Patients who experience moderate to severe TBI require multiple different types of intervention to assist in their recovery, such as physical, cognitive, emotional, and behavioral. Inpatient rehabilitation for patients who experience TBI is effective and cost-efficient [7]. However, approximately 13% to 25% of patients who endure a TBI receive comprehensive inpatient rehabilitation, and even fewer receive TBI-specialized rehabilitation [7]. Rather, these patients are often discharged home, with or without home care, or to a skilled nursing facility (SNF) [7]. SNF may not provide the specialized therapy that is often required for these patients with TBI, as some of these facilities only offer physician visits as frequently as once a month [7]. The primary determinant of whether a patient with TBI receives inpatient rehabilitation or SNF is healthcare insurance coverage, as rehabilitation services generally require prior authorization by health insurance payers [7]. A major barrier to insurance companies approving patients for comprehensive inpatient rehabilitation is the three-hour rule [8]. This rule requires patients to have sufficient energy and endurance to be able to participate in occupational, speech, or physical therapy for three hours a day, five days a week [8]. SNF does not require this rule, thus acute care facilities may choose to discharge patients with TBI to SNF, even though the patient may benefit more from inpatient rehabilitation [7]. This rule has been shown to lack evidence that three hours of therapy per day is a significant driver in patient outcomes in inpatient rehabilitation [7].

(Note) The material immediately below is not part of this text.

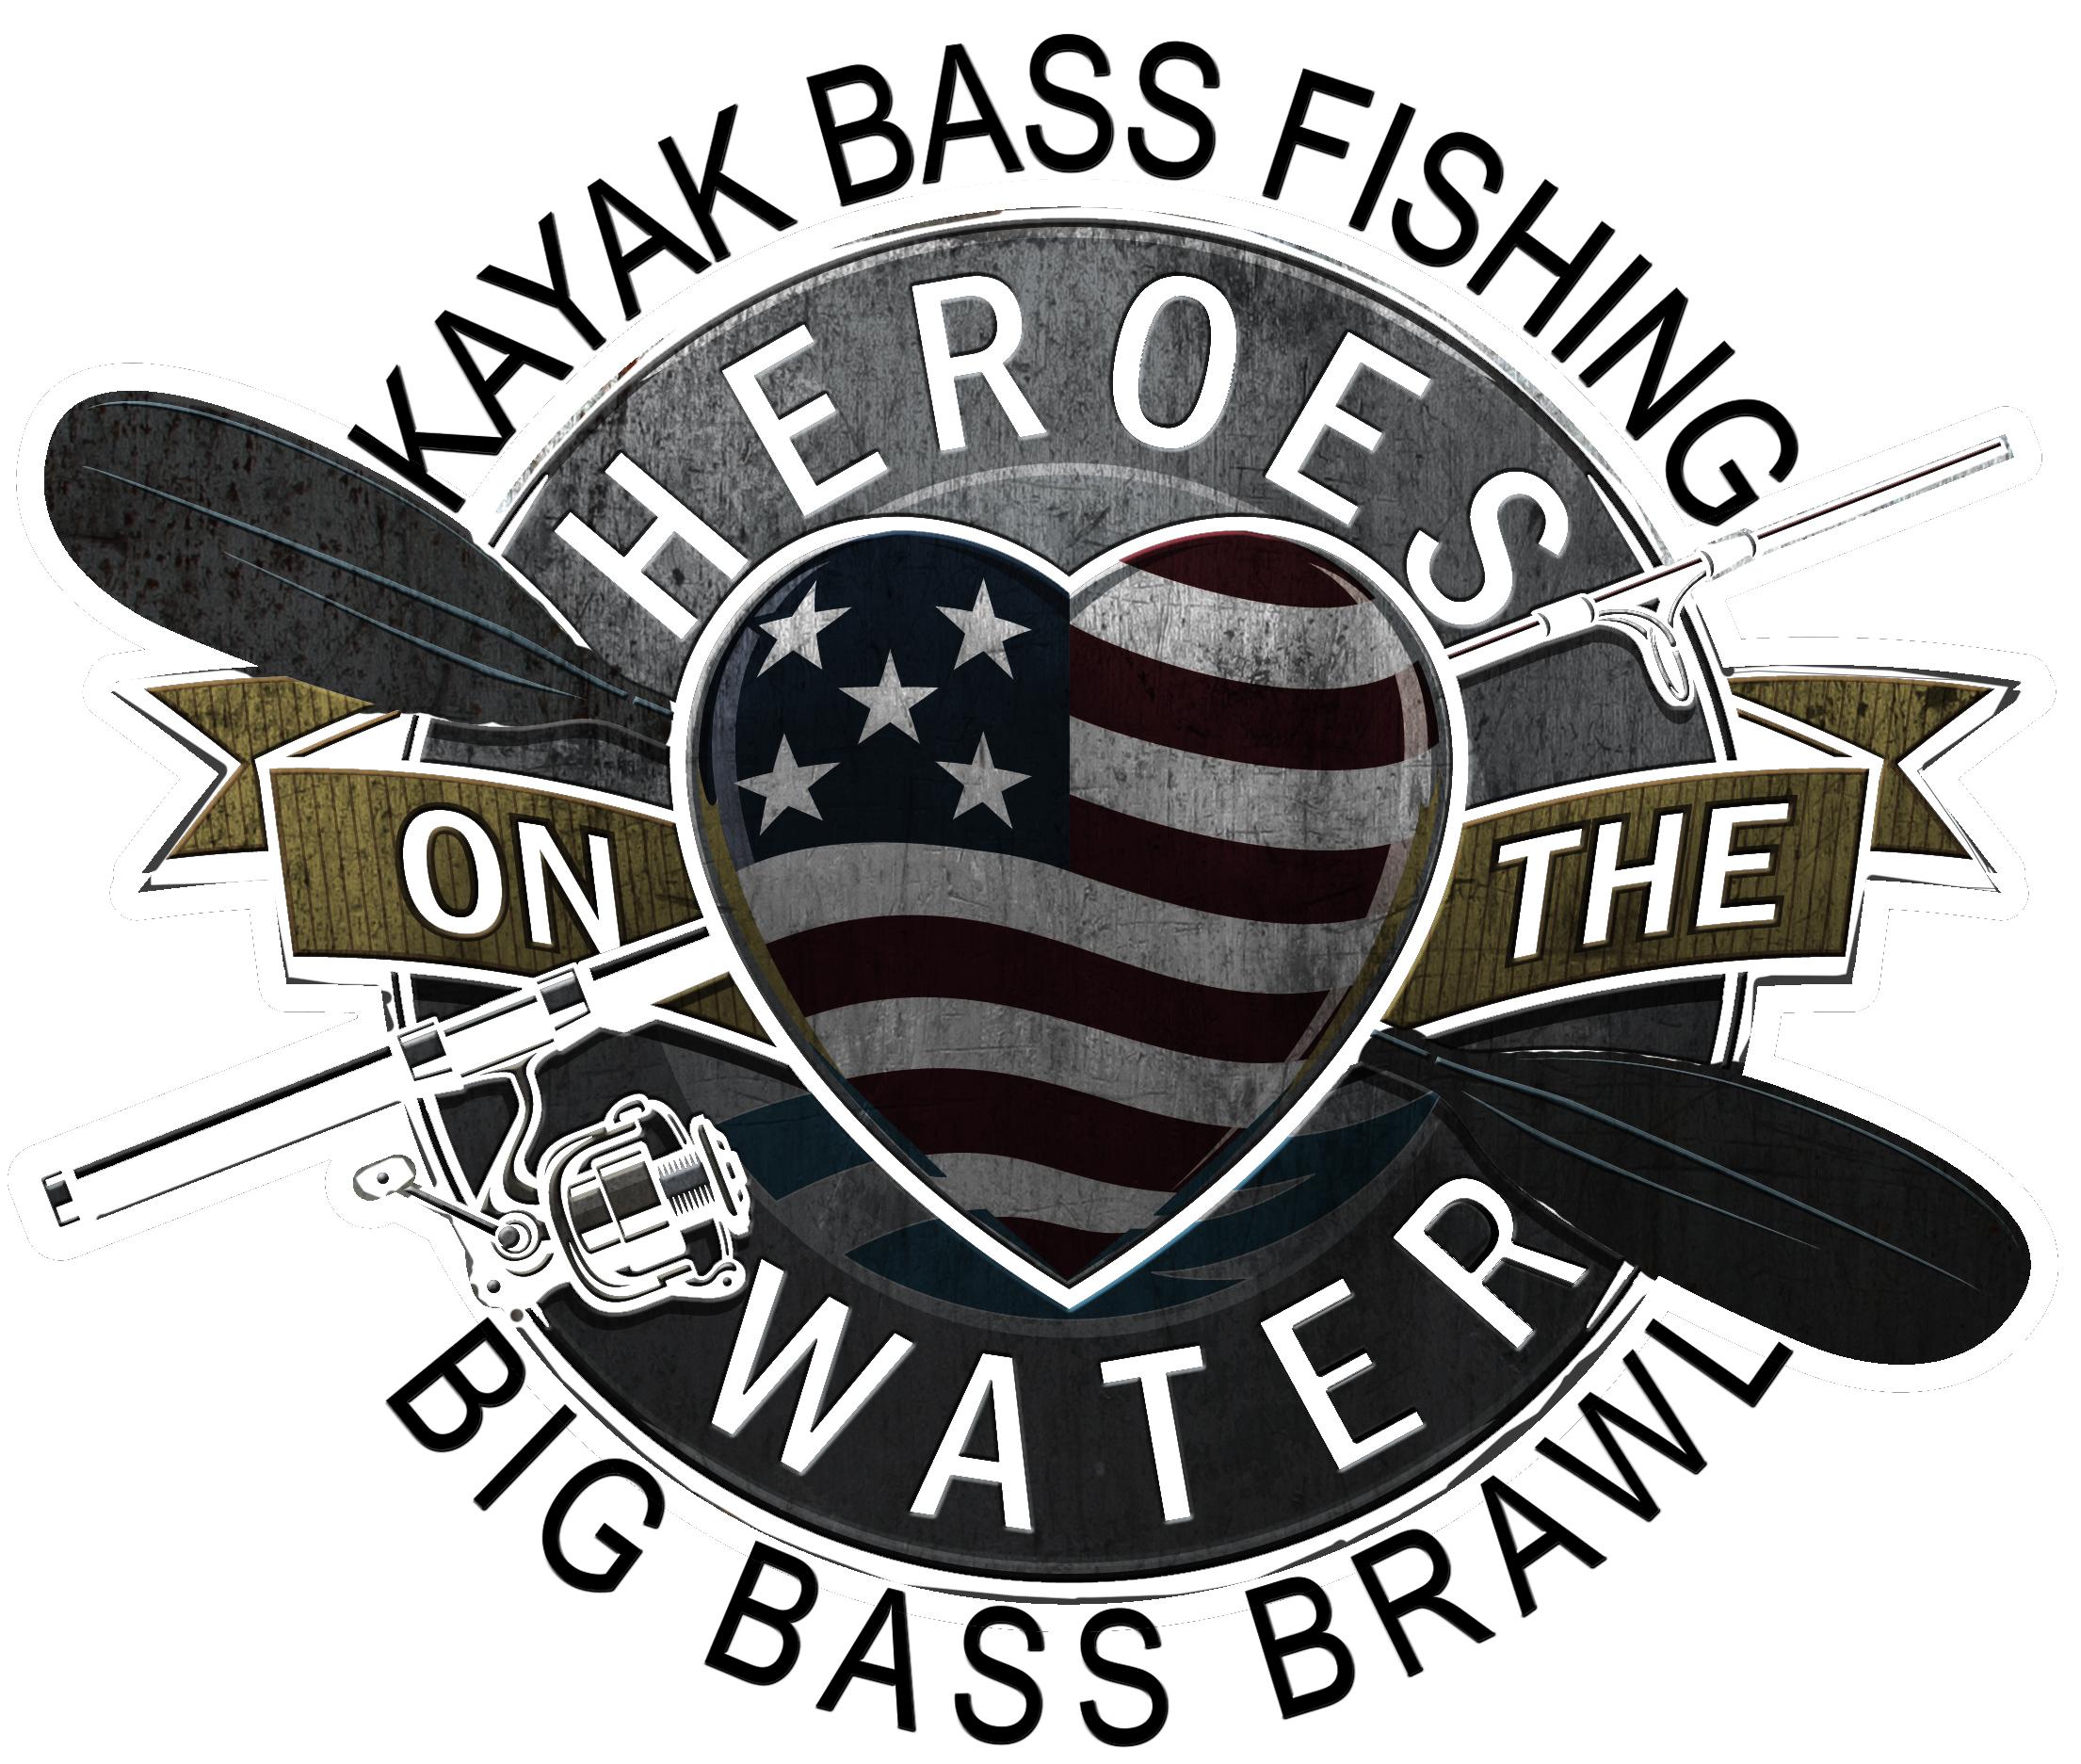 KBF HOW Big Bass Brawl - Old Hickory

This case presents an important discussion regarding the use of inpatient rehabilitation for patients with TBI. Patients, such as the one described above, have shown significant improvement in functional outcomes. Thus, insurance protocols for consideration of inpatient rehabilitation need to be revisited.
Conclusions
TBI has been a leading cause of morbidity, mortality, and disability. In this case report, we highlight a 35-year-old male who was presented to the inpatient rehabilitation unit after TBI and demonstrated significant improvement in clinical, consciousness, and functional status with the aid of rehabilitation. Inpatient rehabilitation plays a vital role in patient recovery as they experience a comprehensive program of physical therapy, speech therapy, occupational therapy, and neuropsychological assessment. With this case presentation, we hope to inform medical providers of the benefits of inpatient rehabilitation to allow safer discharge planning for patients for better functional and cognitive recovery.